NOTE: There is a known bug in Bash 2.02 that causes the jobs command (a shell builtin) to return nothing to a pipe. If you try the above under Bash 2.02, you will always get a "0" back regardless of how many jobs you have suspended. Chet Ramey, one of the maintainers of Bash, tells me that this will be fixed for v2.03.
As mentioned earlier, PS1, PS2, PS3, PS4, and PROMPT_COMMAND are all stored in the Bash environment. For those of us coming from a DOS background, the idea of tossing big hunks of code into the environment is horrifying, because that DOS environment was small, and didn't exactly grow well. There are probably practical limits on what you can and should put in the environment, but I don't know what they are, and we're probably talking a couple of orders of magnitude larger than what DOS users are used to. As Dan put it:
"In my interactive shell I have 62 aliases and 25 functions. My rule of thumb is that if I need something solely for interactive use and can handily write it in bash I make it a shell function (assuming it can't be easily expressed as an alias). If these people are worried about memory they don't need to be using bash. Bash is one of the largest programs I run on my linux box (outside of Oracle). Run top sometime and press 'M' to sort by memory - see how close bash is to the top of the list. Heck, it's bigger than sendmail! Tell 'em to go get ash or something."
I guess he was using console only the day he tried that: running X and X apps, I have a lot of stuff larger than Bash. But the idea is the same: the environment is something to be used, and don't worry about overfilling it.

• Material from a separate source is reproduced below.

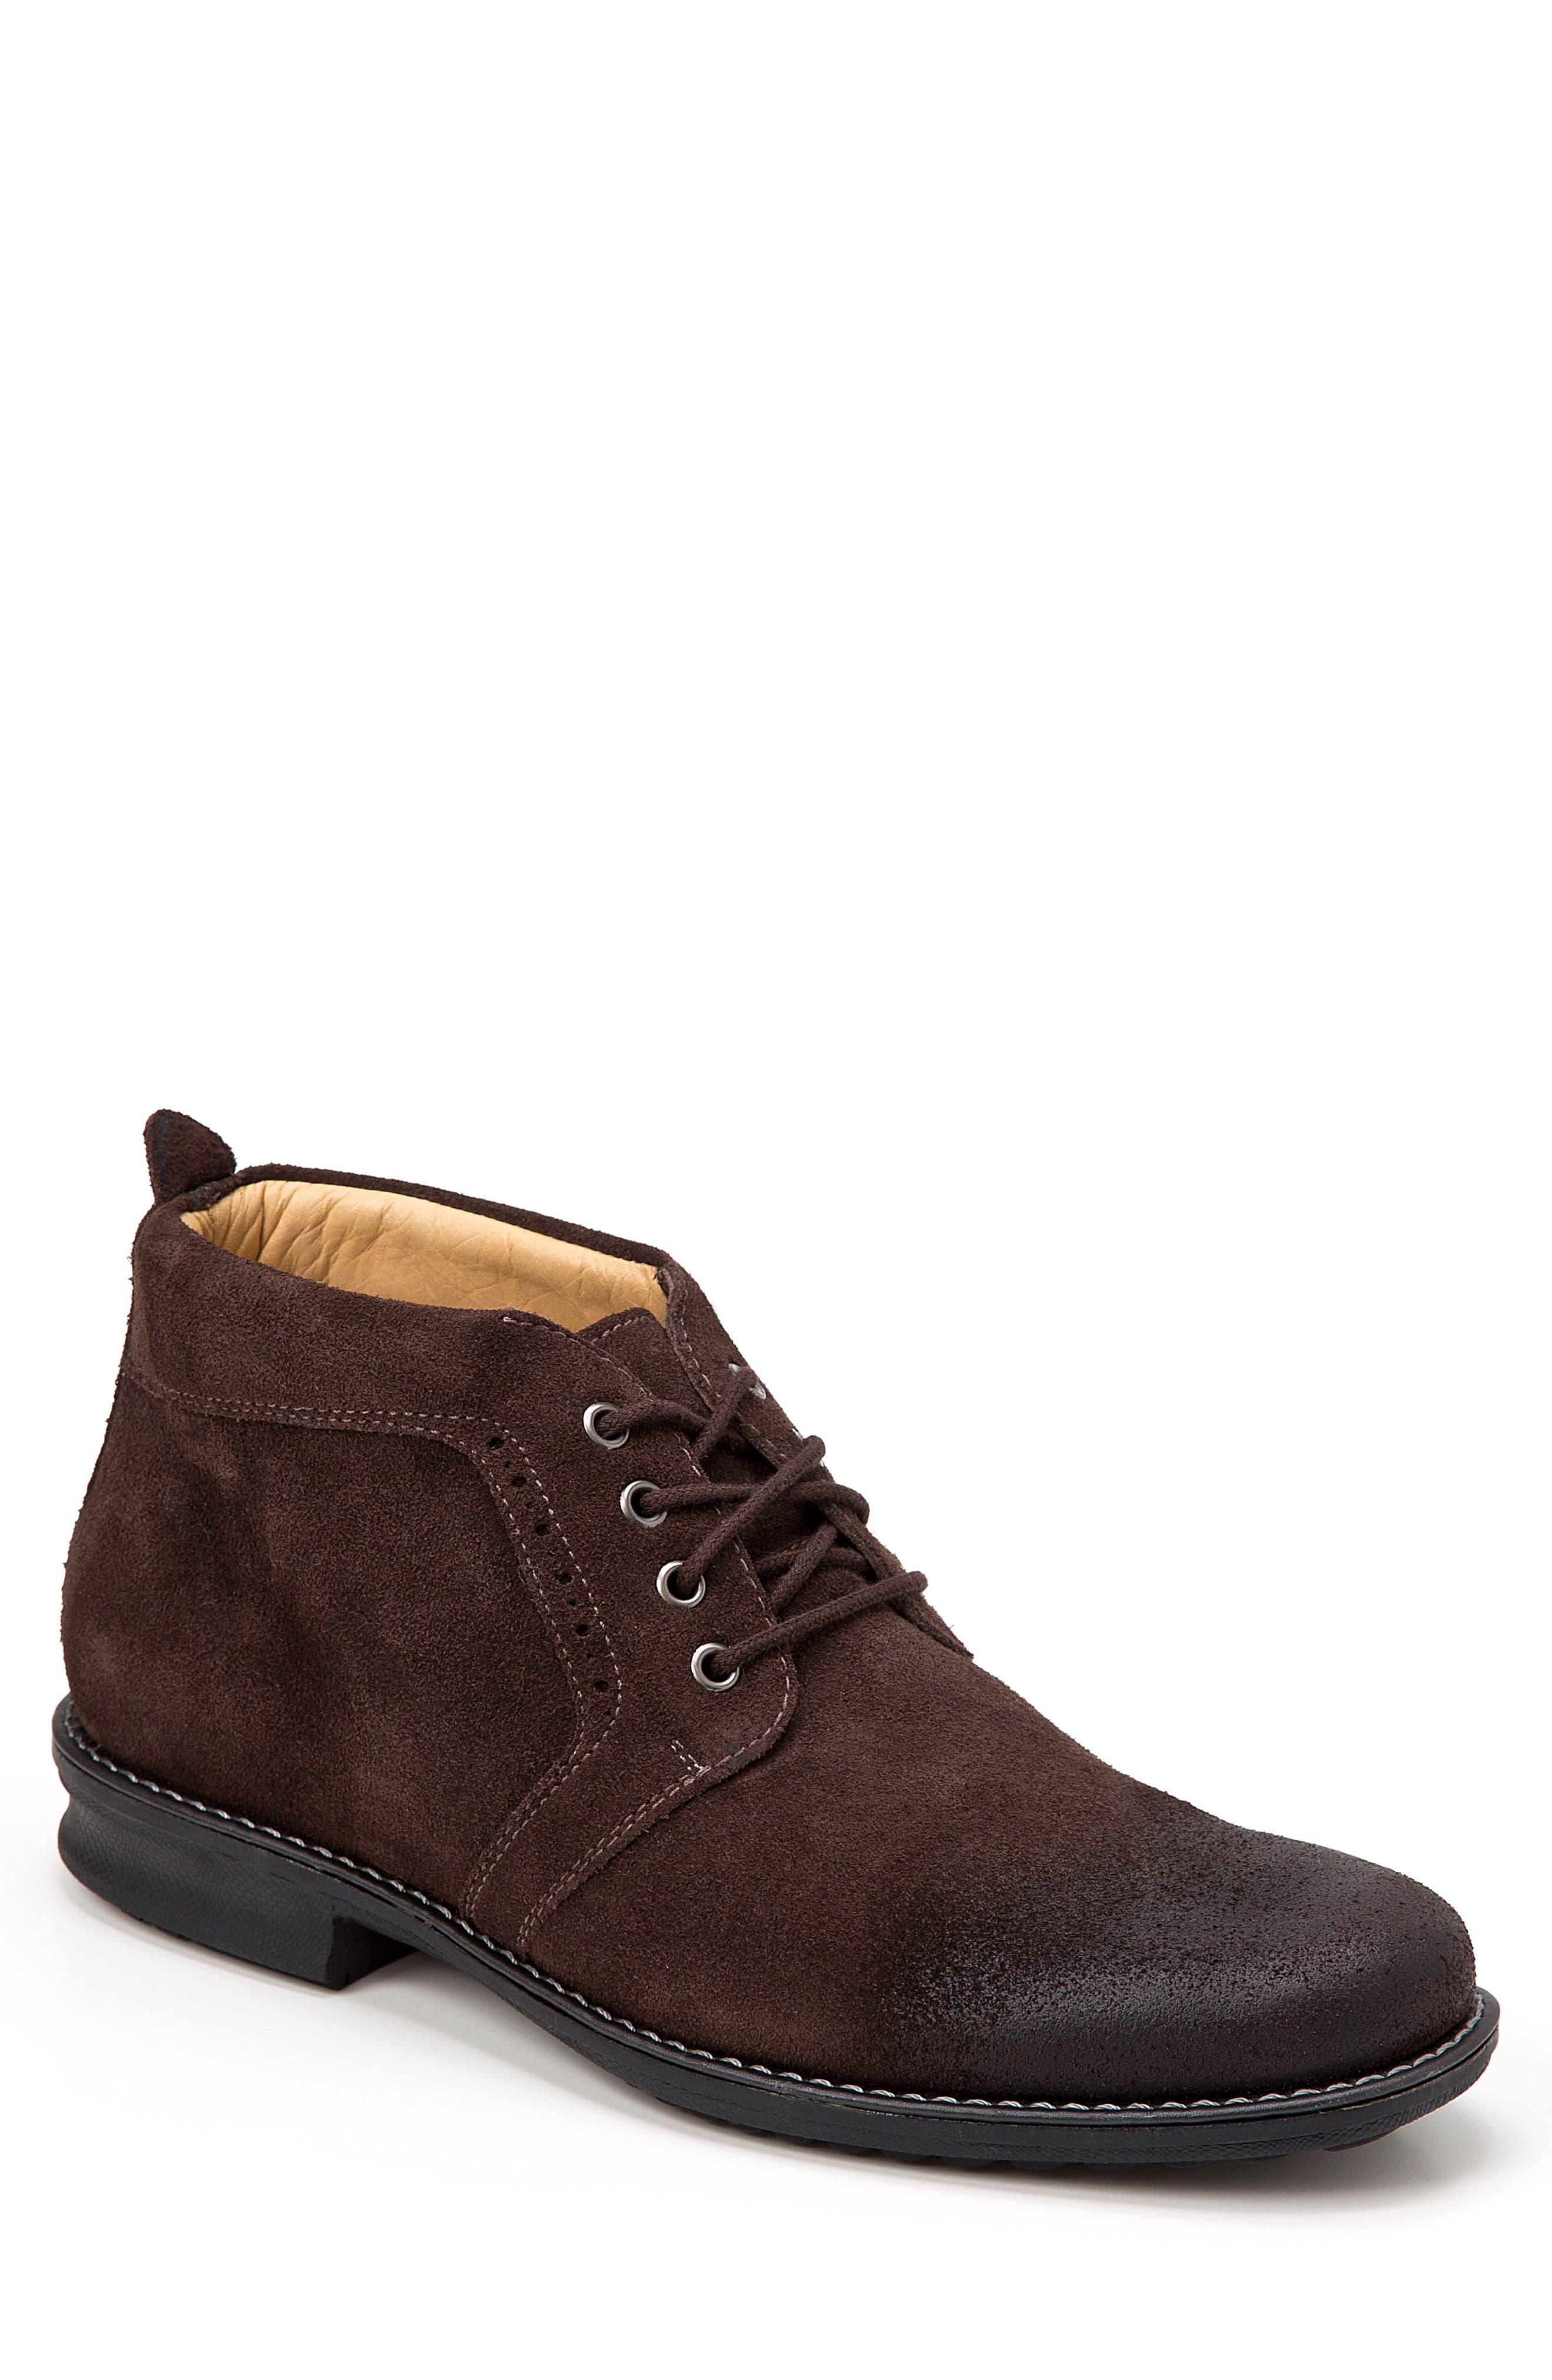 Chukka Boot,                         Main,                         color, Brown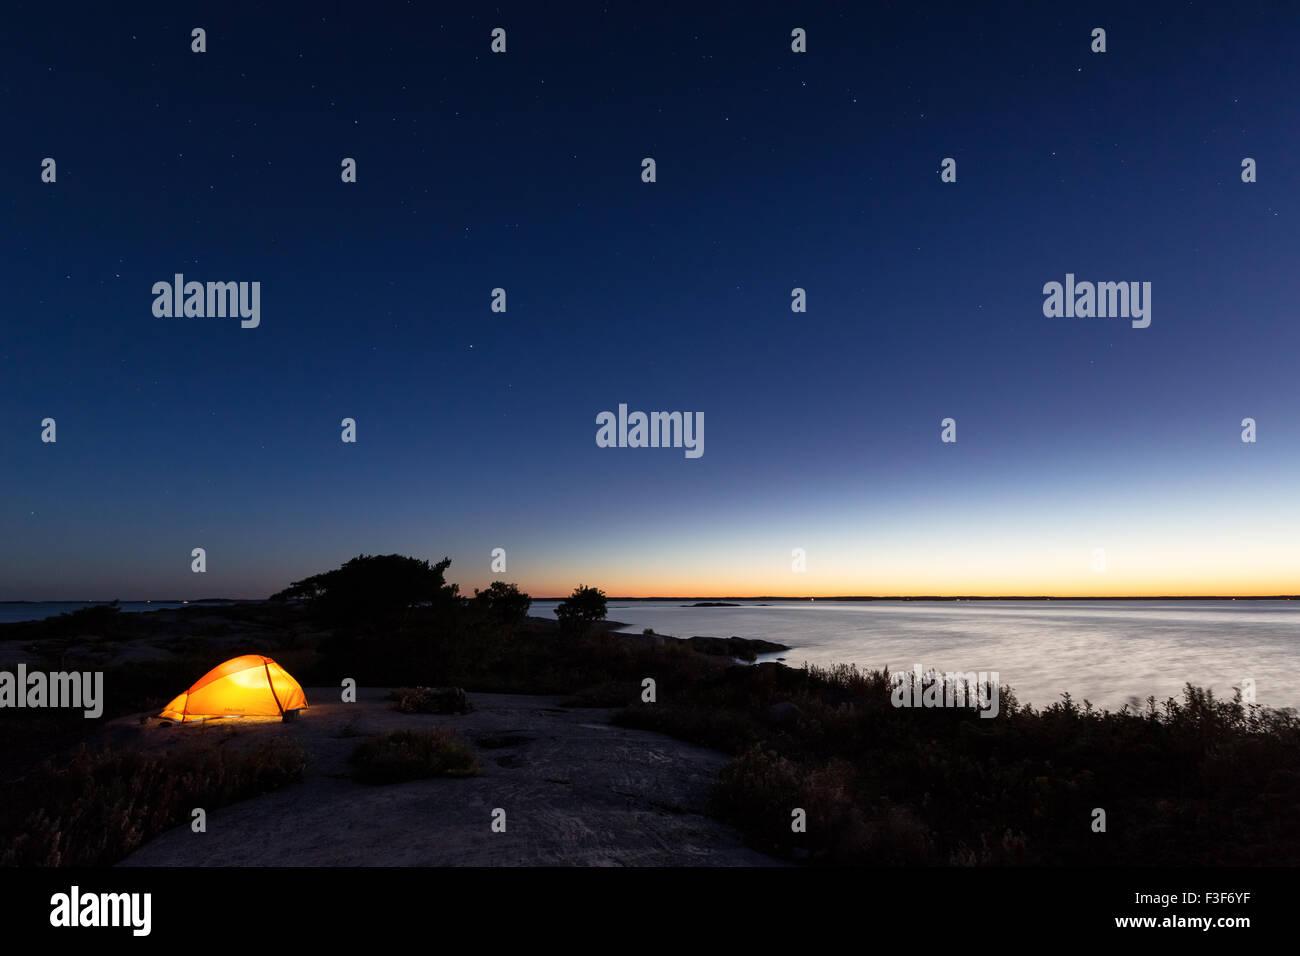 Notte arriva a Örskär isola, Espoo, Finlandia, Europa, UE Immagini Stock

I risk censure by Unix gurus when I say this (for the crime of over-simplification), but functions are basically small shell scripts that are loaded into the environment for the purpose of efficiency. Quoting Dan again: "Shell functions are about as efficient as they can be. It is the approximate equivalent of sourcing a bash/bourne shell script save that no file I/O need be done as the function is already in memory. The shell functions are typically loaded from [.bashrc or .bash_profile] depending on whether you want them only in the initial shell or in subshells as well. Contrast this with running a shell script: Your shell forks, the child does an exec, potentially the path is searched, the kernel opens the file and examines enough bytes to determine how to run the file, in the case of a shell script a shell must be started with the name of the script as its argument, the shell then opens the file, reads it and executes the statements. Compared to a shell function, everything other than executing the statments can be considered unnecessary overhead."